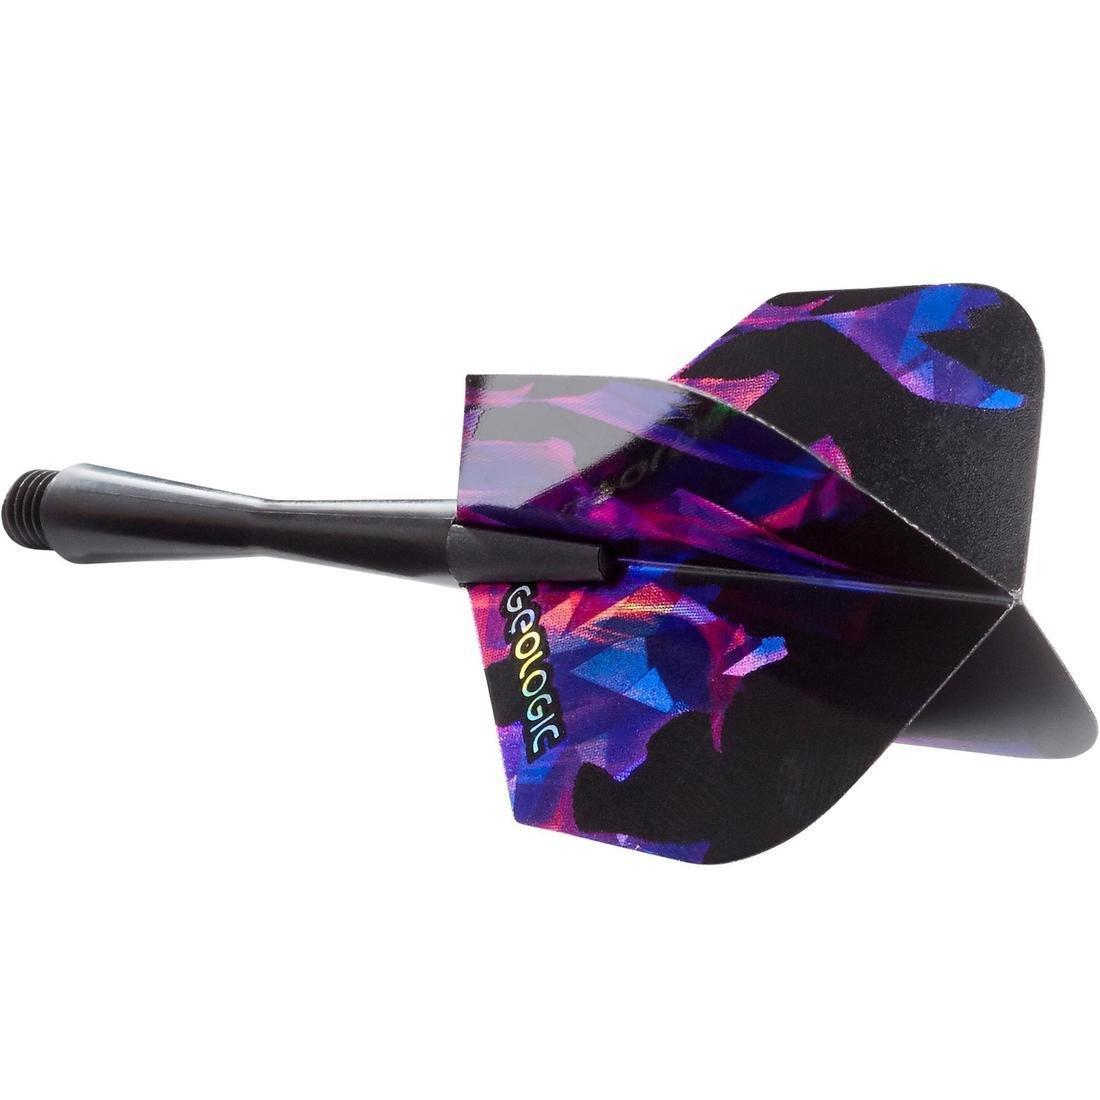 CANAVERAL - Standard Flames Flights 3 X Tri-Pack, Multicolour
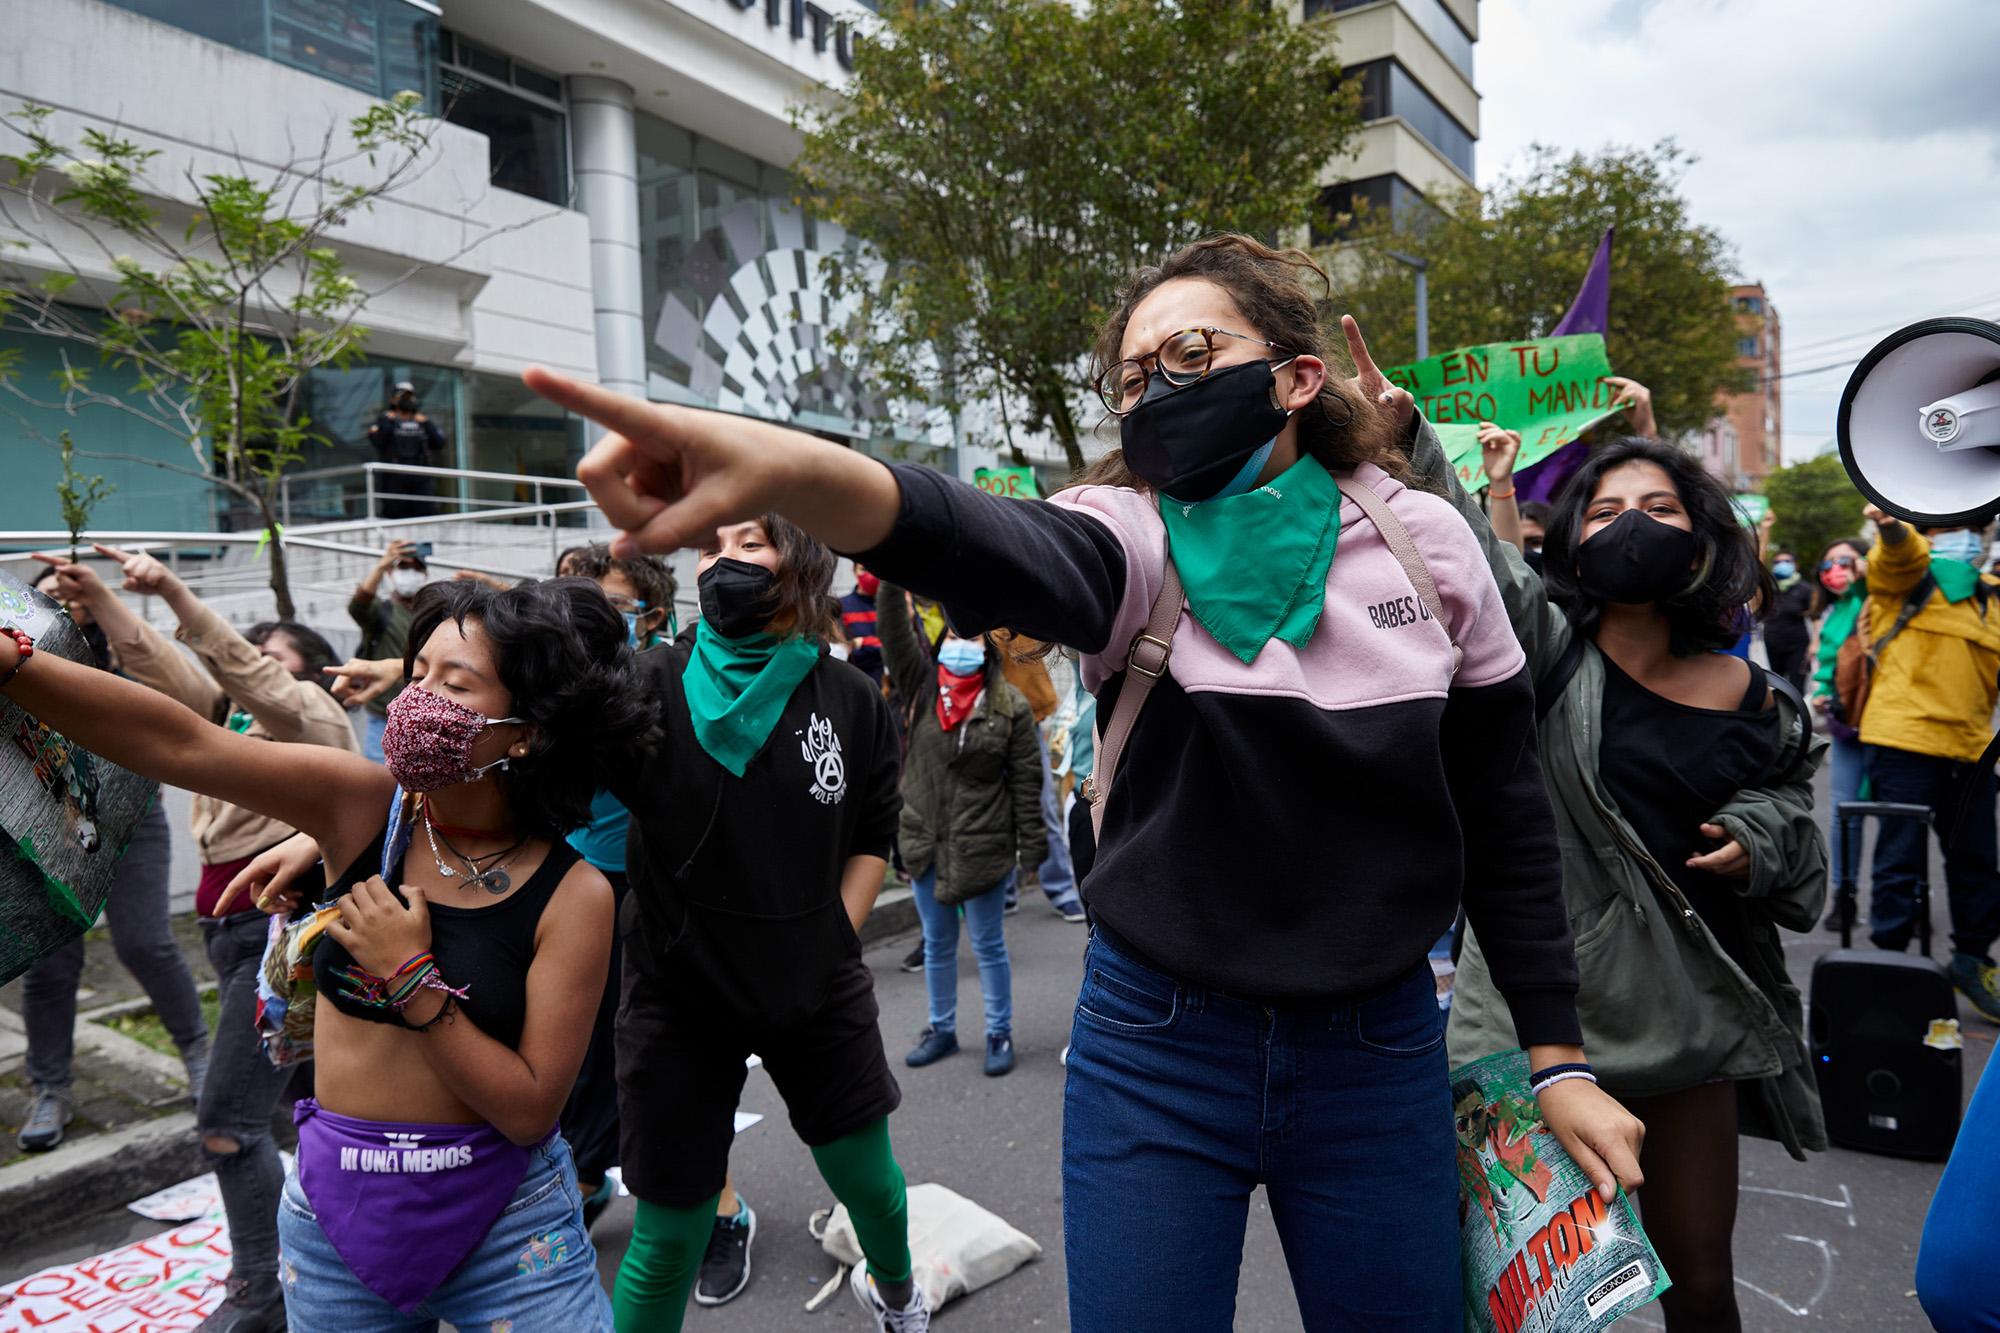 The performance &quot;Un violador en tu camino&quot; (A rapist in your way) is replicated by different women waiting for the ruling of the Constitutional Court. &quot;...And it wasn&#39;t my fault, or where I was, or how I was dressed,&quot; chant young women. &nbsp;April 28, 2021, Quito, Ecuador.
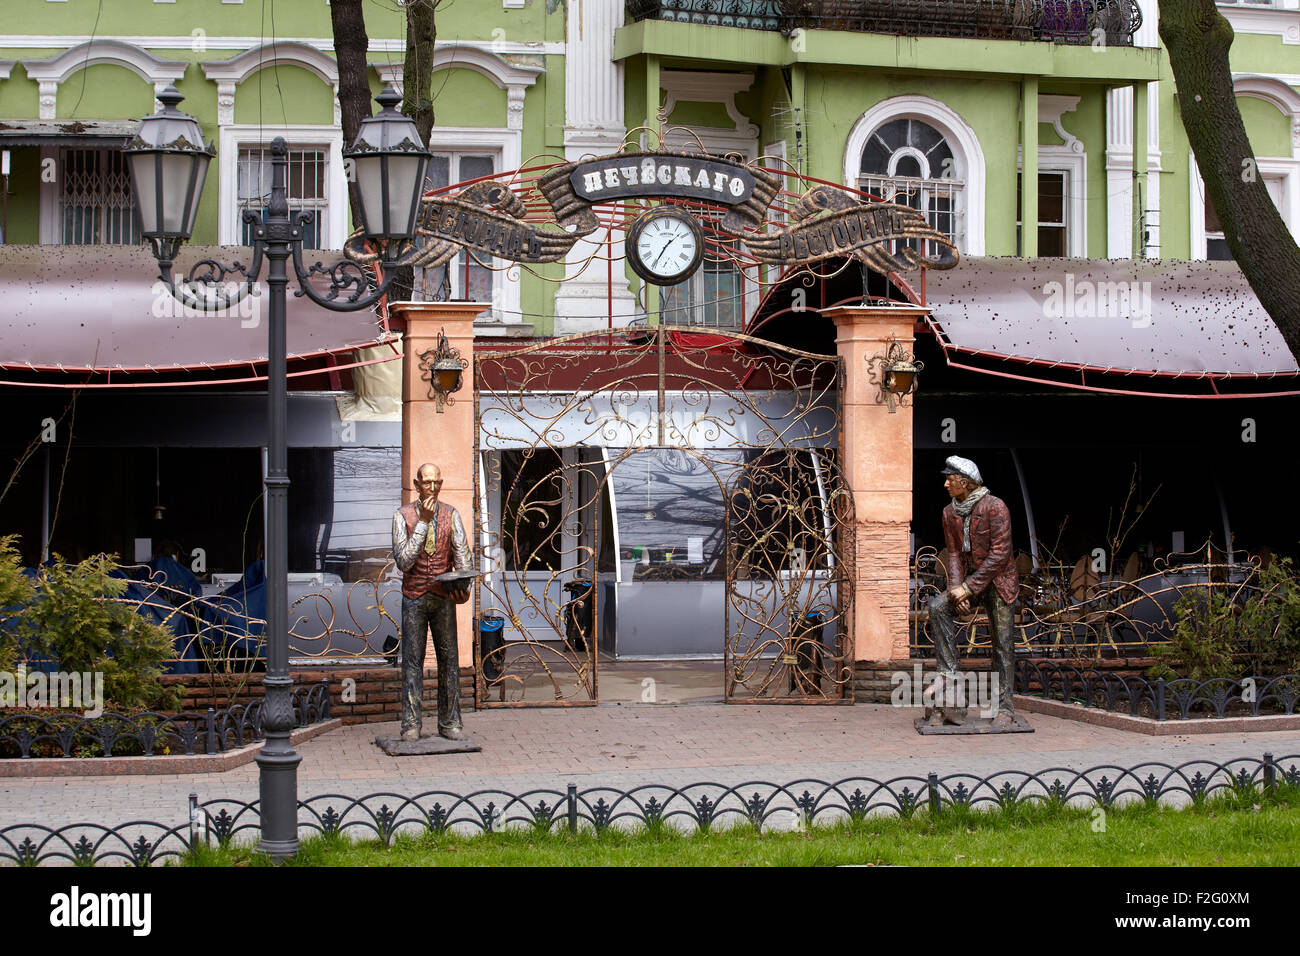 Entrance of a Restaurant in Odessa Stock Photo

- What this task involves: Reproduce the data above exactly, leaving each picture out.

- Solution:
 CANAVERAL - Standard Flames Flights 3 X Tri-Pack, Multicolour
 The performance &quot;Un violador en tu camino&quot; (A rapist in your way) is replicated by different women waiting for the ruling of the Constitutional Court. &quot;...And it wasn&#39;t my fault, or where I was, or how I was dressed,&quot; chant young women. &nbsp;April 28, 2021, Quito, Ecuador.
 Entrance of a Restaurant in Odessa Stock Photo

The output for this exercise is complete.